A total of NT$6 million (US$179,099) worth of products from small farms in Taitung County have been sold via the Internet in the past few months, the Council of Agriculture said.
The products include red quinoa, brown rice and purple rice, Council of Agriculture Minister Chen Bao-ji (陳保基) said on Friday at a news conference held by the council’s Soil and Water Conservation Bureau (SWCB) at which he introduced a new book that details how young farmers have been selling their products online.
As young people who are Internet savvy have entered the agricultural sector, selling produce online has become increasingly popular among farmers.
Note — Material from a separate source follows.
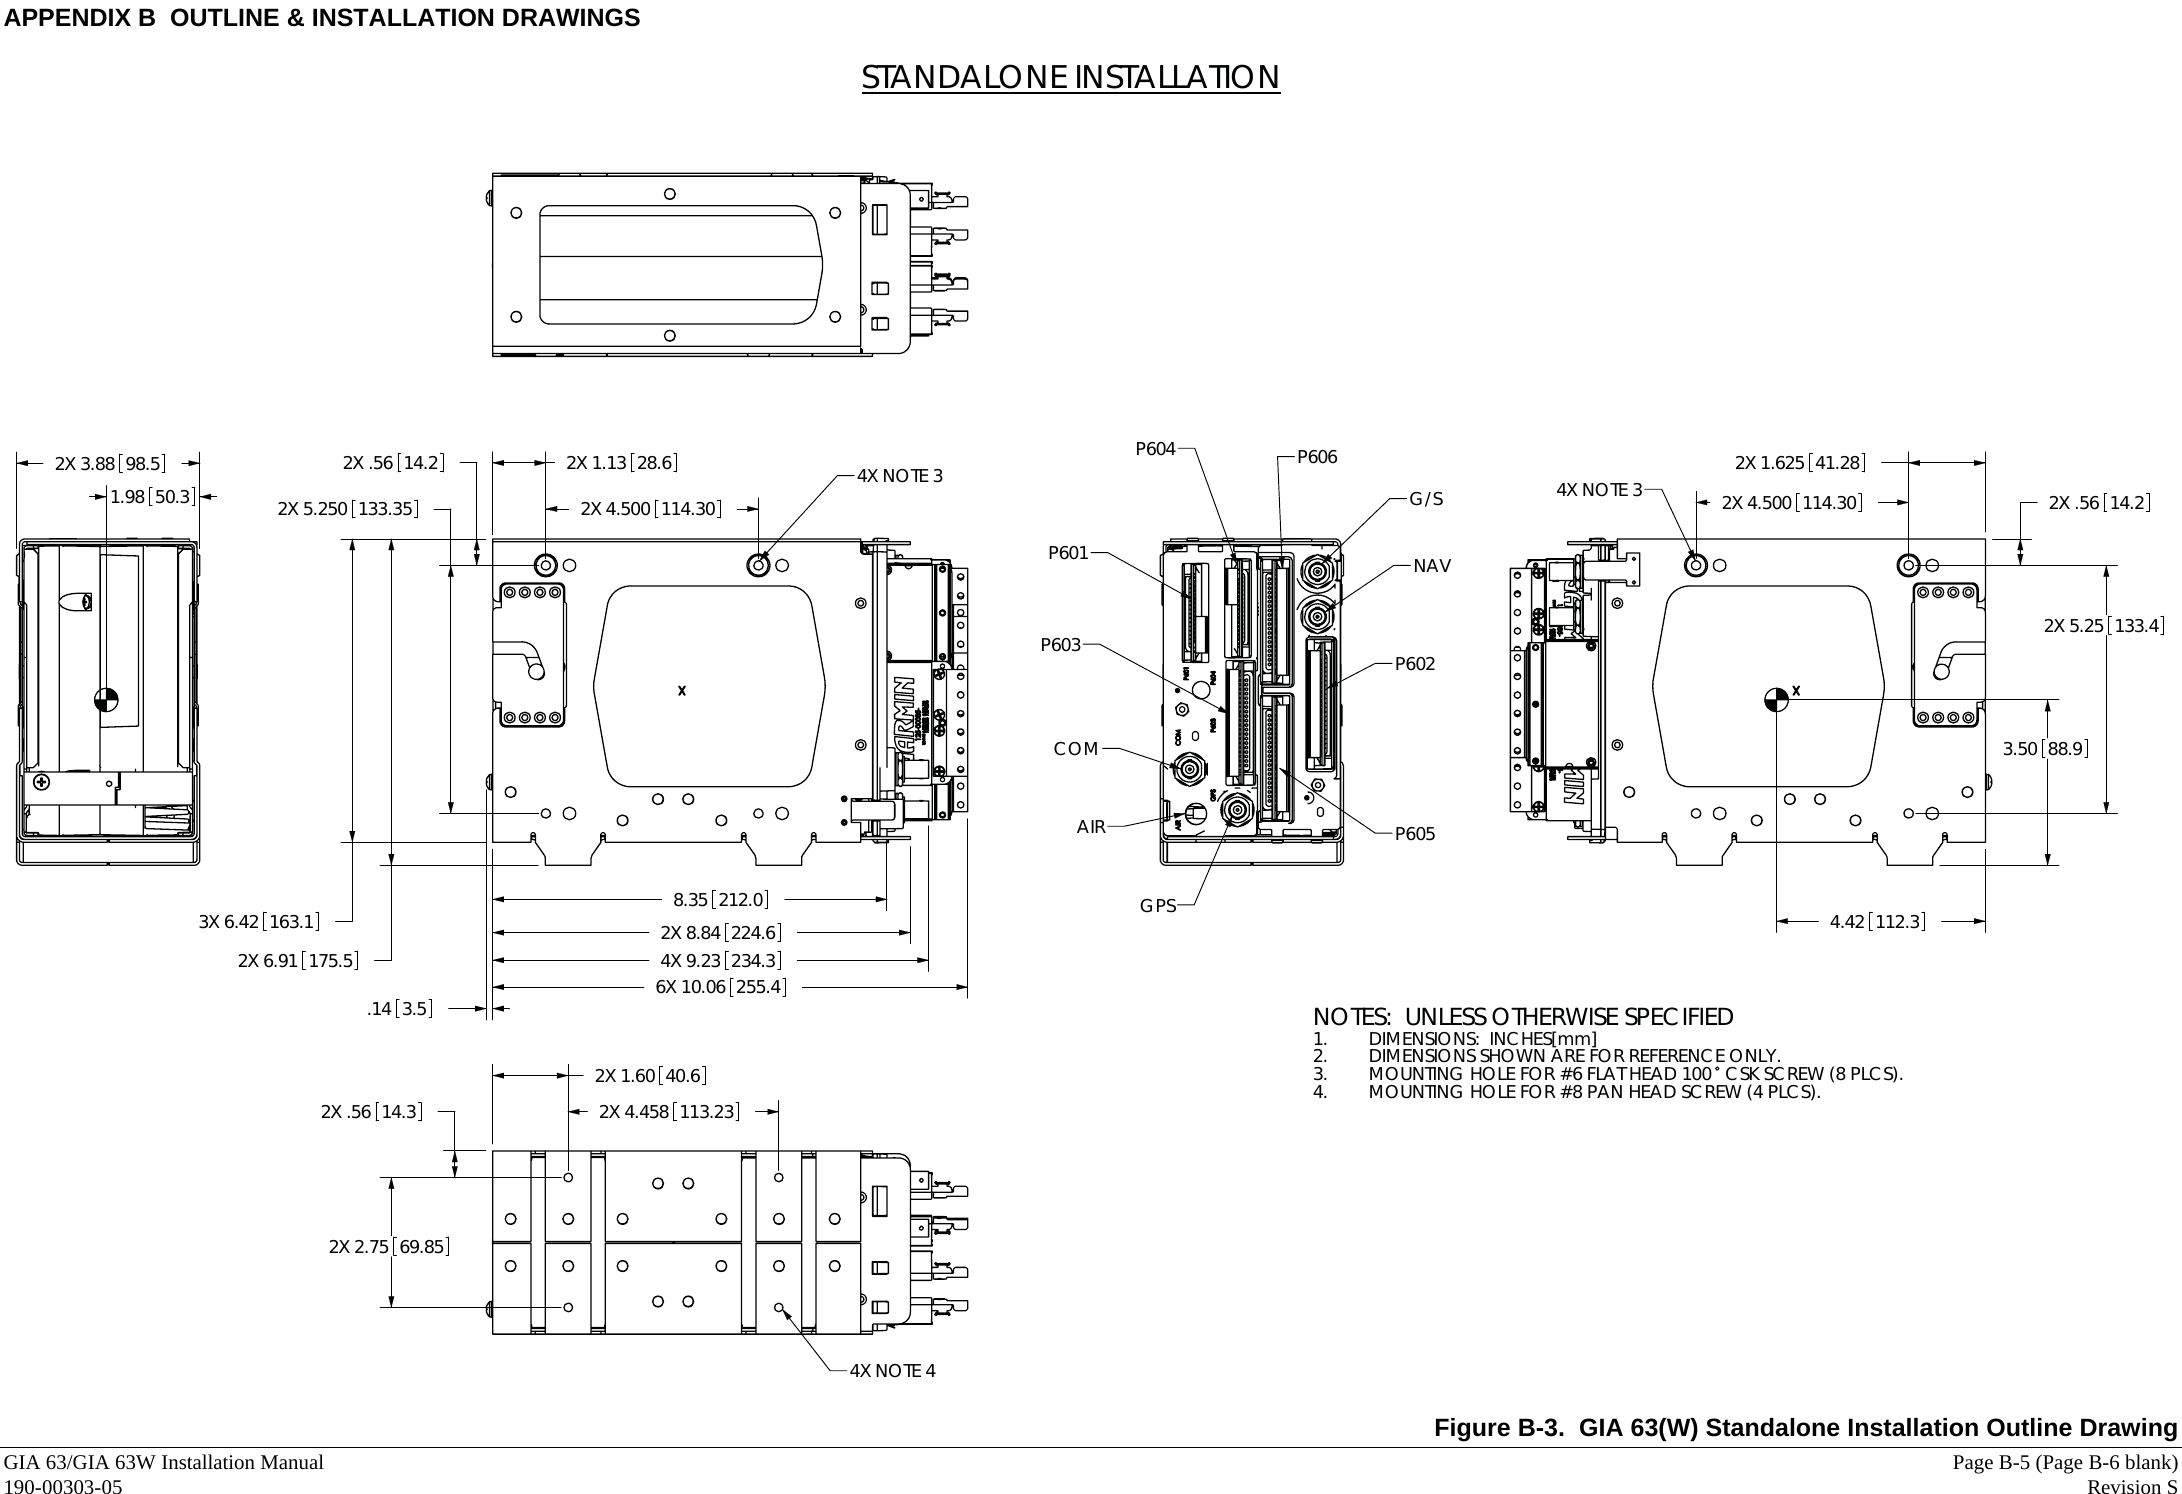 APPENDIX B  OUTLINE &amp; INSTALLATION DRAWINGS GIA 63/GIA 63W Installation Manual     Page B-5 (Page B-6 blank) 190-00303-05   Revision S  3.50 88.94.42 112.31.98 50.3 4X NOTE 3 2X 1.625 41.282X 4.500 114.302X 5.25 133.42X .56 14.2NOTES:  UNLESS OTHERWISE SPECIFIEDDIMENSIONS:  INCHES[mm]1. DIMENSIONS SHOWN ARE FOR REFERENCE ONLY.2. MOUNTING HOLE FOR #6 FLAT HEAD 100  CSK SCREW (8 PLCS).3. MOUNTING HOLE FOR #8 PAN HEAD SCREW (4 PLCS).4.STANDALONE INSTALLATION4X NOTE 42X .56 14.32X 2.75 69.852X 1.60 40.62X 4.458 113.23GPSAIRCOMP603P601P604 P606G/SNAVP602P6054X NOTE 32X 6.91 175.53X 6.42 163.12X 5.250 133.352X .56 14.26X 10.06 255.42X 8.84 224.62X 1.13 28.62X 4.500 114.304X 9.23 234.38.35 212.0.14 3.52X 3.88 98.5  Figure B-3.  GIA 63(W) Standalone Installation Outline Drawing

The government has offered classes, subsidies and other assistance to encourage more young people to go into farming.
Several farmers who sell their produce online attended the news conference.
One of them was 33-year-old Lee Chi-chun (李奇軍), who inherited his father’s organic farm in 2009 when he was 26.
Plum and ginger are his farm’s best-selling products and the business has an annual revenue of about NT$1 million, he said.
Lo Yung-chang (羅永昌), a young farmer who moved back to Taitung’s Chishang Township (池上) with his wife and children from Shanghai more than a year ago, said his brown rice and purple rice are grown using organic methods and fetch prices 30 percent higher than ordinary rice.
Chang Chin-fu (張金福), a farmer in Taitung’s Dawu Township (大武), said he and 17 fellow farmers are growing red quinoa and foxtail millet — both traditional crops of the Paiwan people.
Between them, they harvest 30 tonnes of red quinoa and 25 tonnes of foxtail millet per year, Chang said.
Red quinoa is cultivated in the Americas and is a nutritious food that has been eaten by astronauts, SWCB Taitung official Wang Chih-hui (王志輝) said.
The farmers sell products online in cooperation with the COA and an e-commerce company.
The Wonderful Food Co (台灣好農) chairman Chiang Yen-hung (江衍宏) said the Internet retailer works with between 400 and 500 farmers across the nation, including 30 in Hualien and Taitung counties.
Chiang estimated that the 30 farmers could sell between NT$10 million and NT$20 million worth of products this year via his portal.
In related news, Changhua County’s Da-Yeh University last week said it has been able to grow eight times as many hami melons as a regular greenhouse can produce by using LED lamps and temperature controls.
The university has spent years developing technology to grow vegetables in a plant factory set up by the university’s department of molecular biotechnology, university president Wuu Dong-sing (武東星) said on Wednesday.
Hami melons are usually grown outdoors or in greenhouses, but melons grown this way can be subject to pests, disease and pesticide residue, and cannot be harvested year-round, department of molecular biotechnology associate professor Yu Tsong-an (余聰安) said.
Ordinary greenhouses grow three hami melon plants in 1 ping (3.31m2) and harvest nine melons per year, Yu said.
With LED lamps, temperature control mechanisms and no pesticide, the university’s facility can produce five melon plants in the same area and harvest about 75 melons a year, Yu said.